Getting Started with Mobile App Deployment Automation
- Start with a simple build-and-test workflow for pull requests in your mobile CI/CD
- Add deployment to beta testing (TestFlight / Firebase App Distribution) on merge to main for mobile app deployment
- Gradually add linting, code coverage, and more test types to your app deployment automation
- Automate App Store and Google Play submission for release branches with mobile CI/CD
A good mobile CI/CD pipeline saves hours every week and catches bugs before they reach users through app deployment automation. At eawesome, mobile app deployment automation is set up from the first day of every project, because automated quality gates are non-negotiable for professional mobile development.
Expand your DevOps knowledge with our guides on mobile CI/CD with Fastlane and mobile DevOps best practices.
Frequently Asked Questions About Mobile App Deployment and CI/CD
What is the difference between CI and CD in mobile app deployment?
CI (Continuous Integration) automatically builds and tests code on every commit for mobile app deployment. CD (Continuous Deployment) automatically deploys passing builds to test environments or stores.
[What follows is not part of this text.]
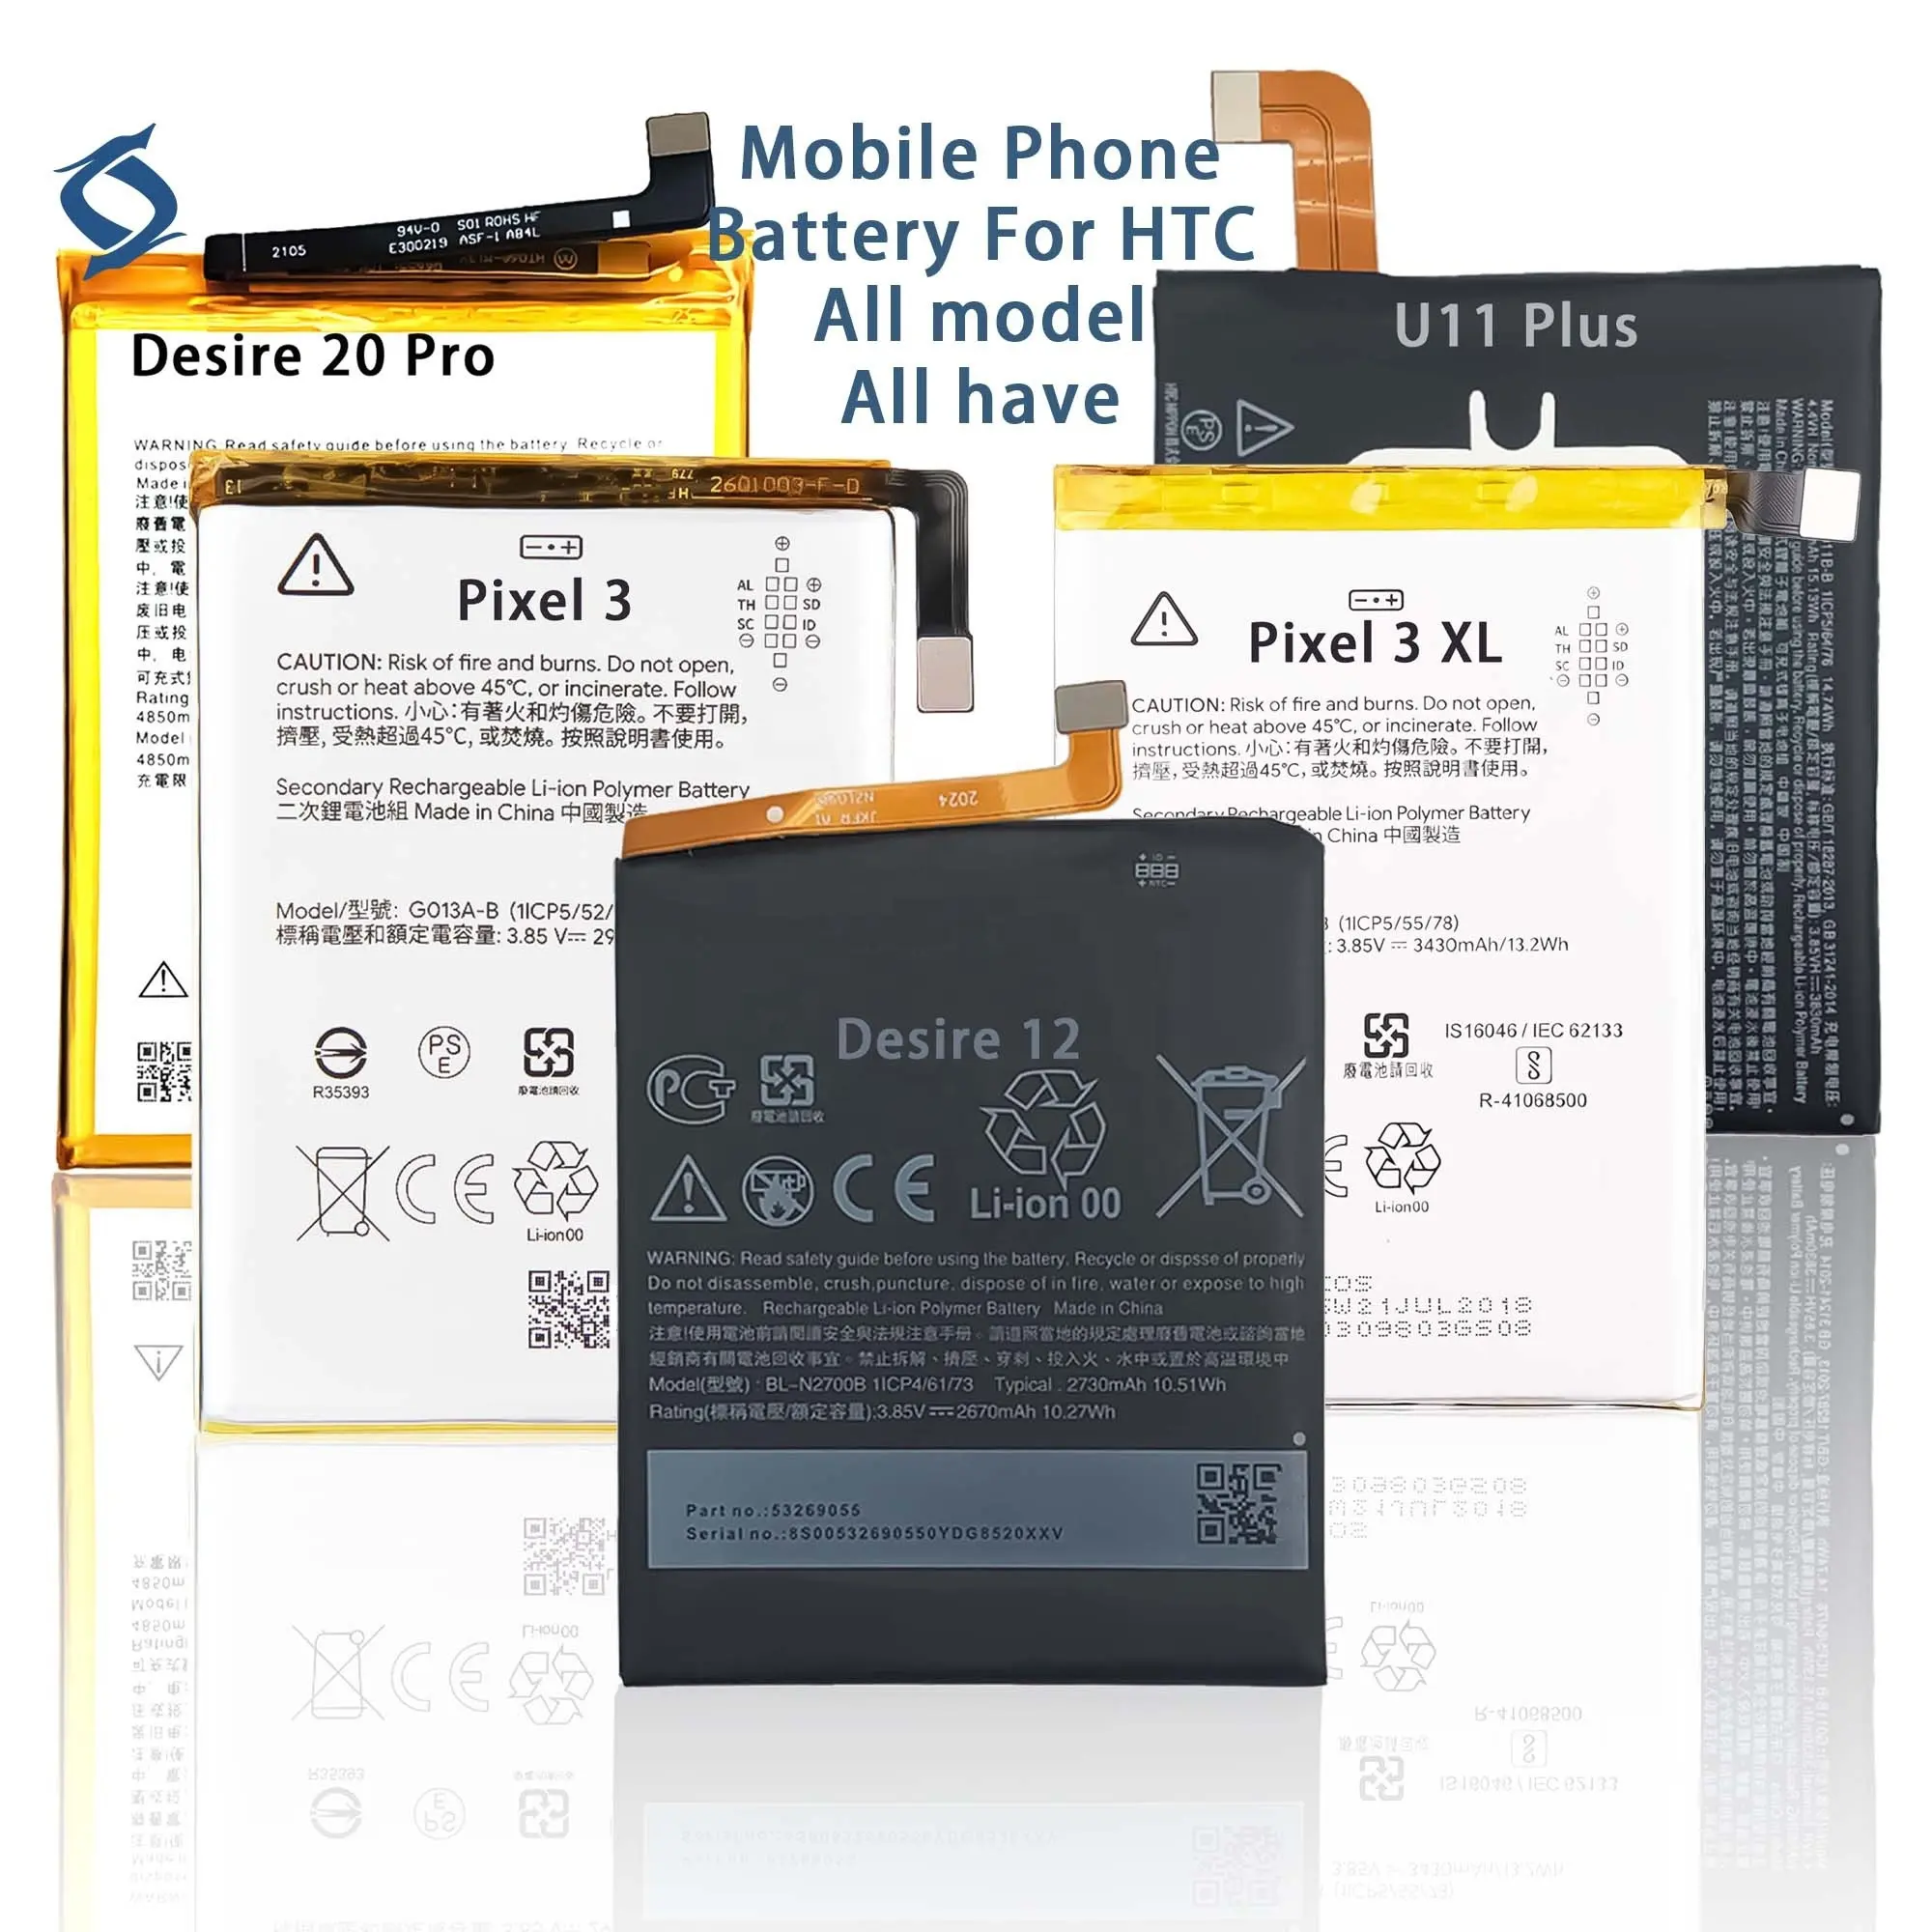 Factory direct supply M7 M8 M9 E8 Pixel 2 XL mobile phone Battery For HTC D816 D820 D830 D728 U11 U12 Life OEM Jielin

Together, mobile CI/CD provides automated app deployment automation from code commit to app store.
Why use GitHub Actions instead of other CI/CD tools?
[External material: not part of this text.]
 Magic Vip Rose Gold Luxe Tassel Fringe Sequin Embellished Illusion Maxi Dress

GitHub Actions offers native GitHub integration, macOS runners essential for iOS mobile app deployment, generous free tier (2,000 Linux minutes, 200 macOS minutes monthly), extensive marketplace actions, and secrets management. It’s ideal for mobile CI/CD with app deployment automation for iOS and Android.
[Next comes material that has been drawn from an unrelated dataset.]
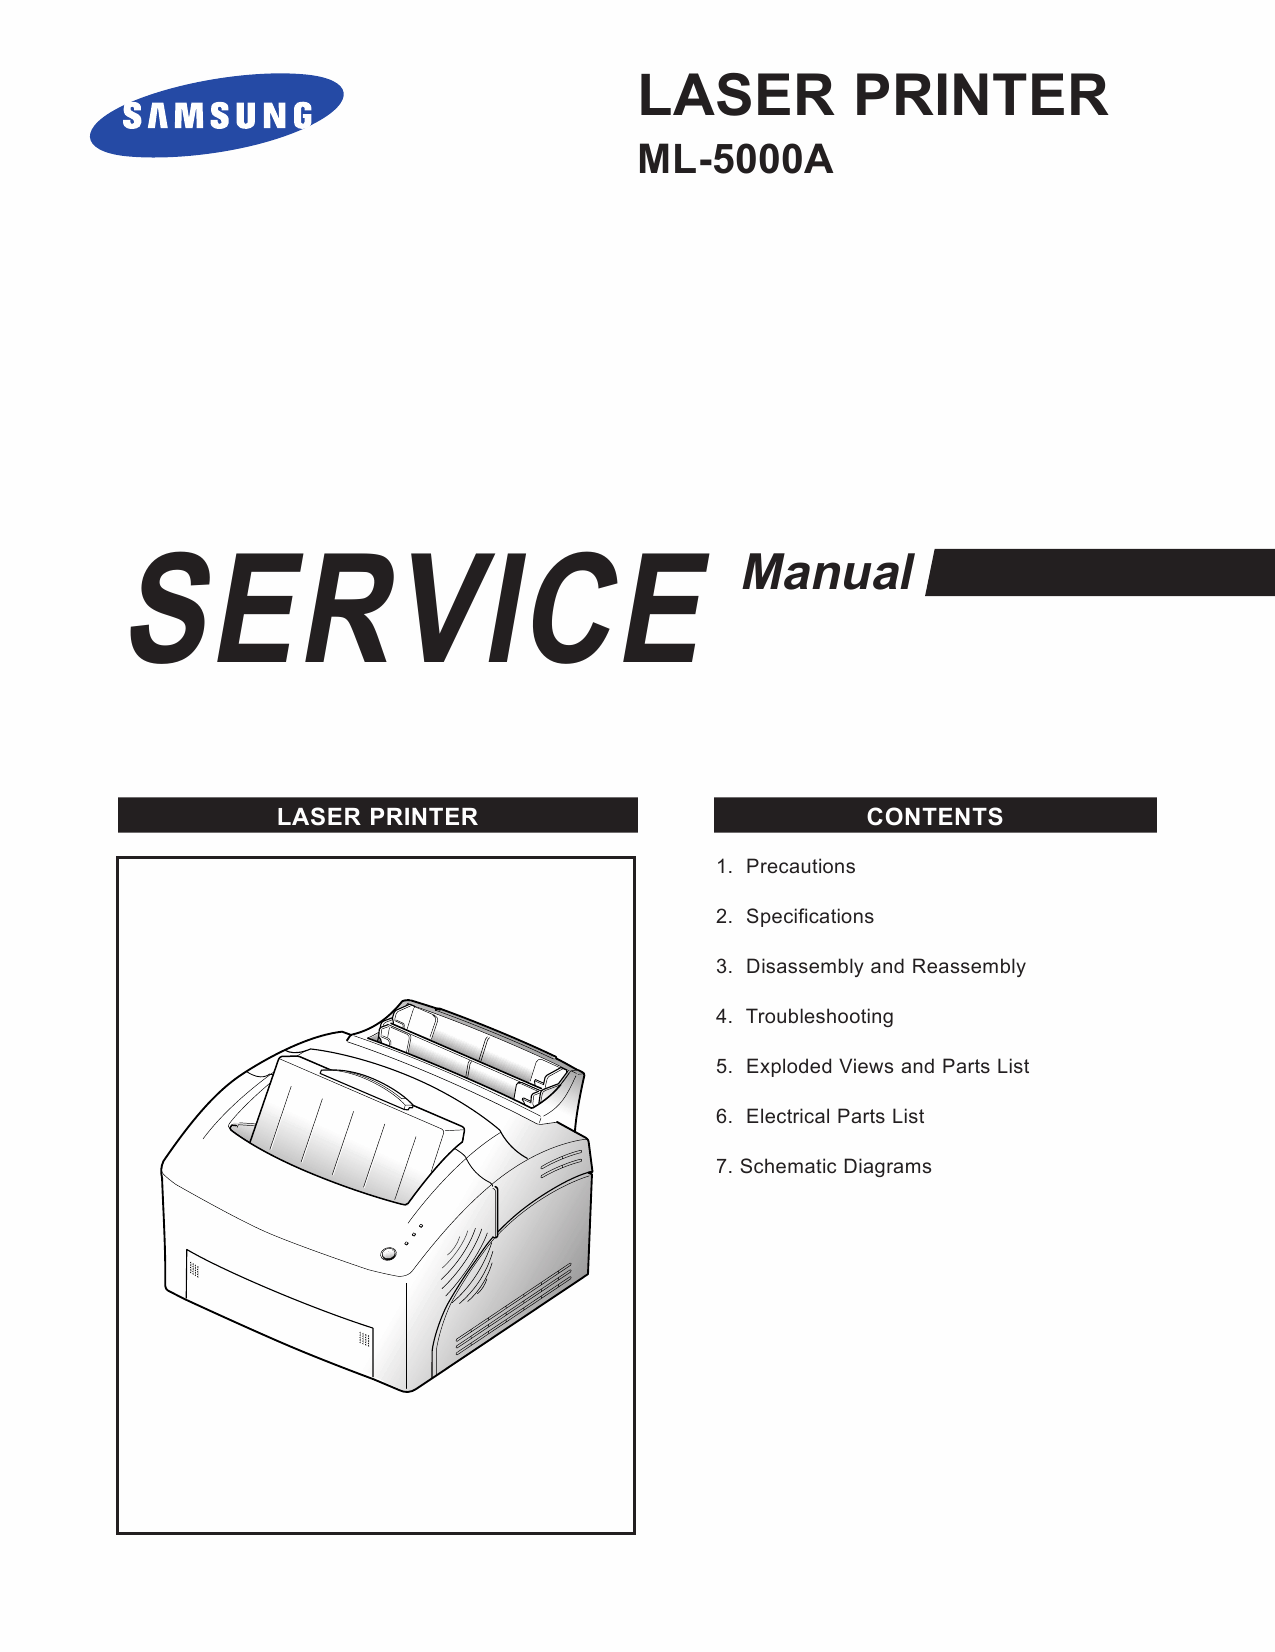 Samsung Laser-Printer ML-5000A Parts and Service Manual-1

How do I set up iOS code signing in GitHub Actions?
Base64-encode your .p12 certificate and provisioning profile, store as GitHub secrets for mobile app deployment, create temporary keychain in workflow, import certificate with password, install provisioning profile, and clean up keychain after build. This ensures secure mobile CI/CD code signing automation.
Can I run iOS and Android mobile app deployment in parallel?
Yes, use separate jobs with different runners - macOS for iOS mobile app deployment, Linux for Android mobile CI/CD. Both can run simultaneously after JavaScript tests pass, dramatically reducing total pipeline time for app deployment automation.
How do I optimize mobile CI/CD costs?
Cache dependencies aggressively (CocoaPods, Gradle, npm), run JavaScript tests on cheap Linux runners, only trigger builds when relevant files change, use shorter timeouts to prevent hung builds, and reserve macOS runners exclusively for iOS builds to optimize mobile app deployment costs.
Essential Mobile App Deployment Insights
GitHub Actions mobile CI/CD workflows with proper caching can reduce iOS build times by 60% - from 15 minutes to 6 minutes - through CocoaPods and derived data caching.
macOS runners cost 10x more than Linux ($0.08/min vs $0.008/min) - running JavaScript tests on Linux before mobile app deployment saves 90% on compute costs.
Automated mobile app deployment with GitHub Actions typically catches 30-40% more bugs than manual testing through consistent automated test execution in mobile CI/CD pipelines.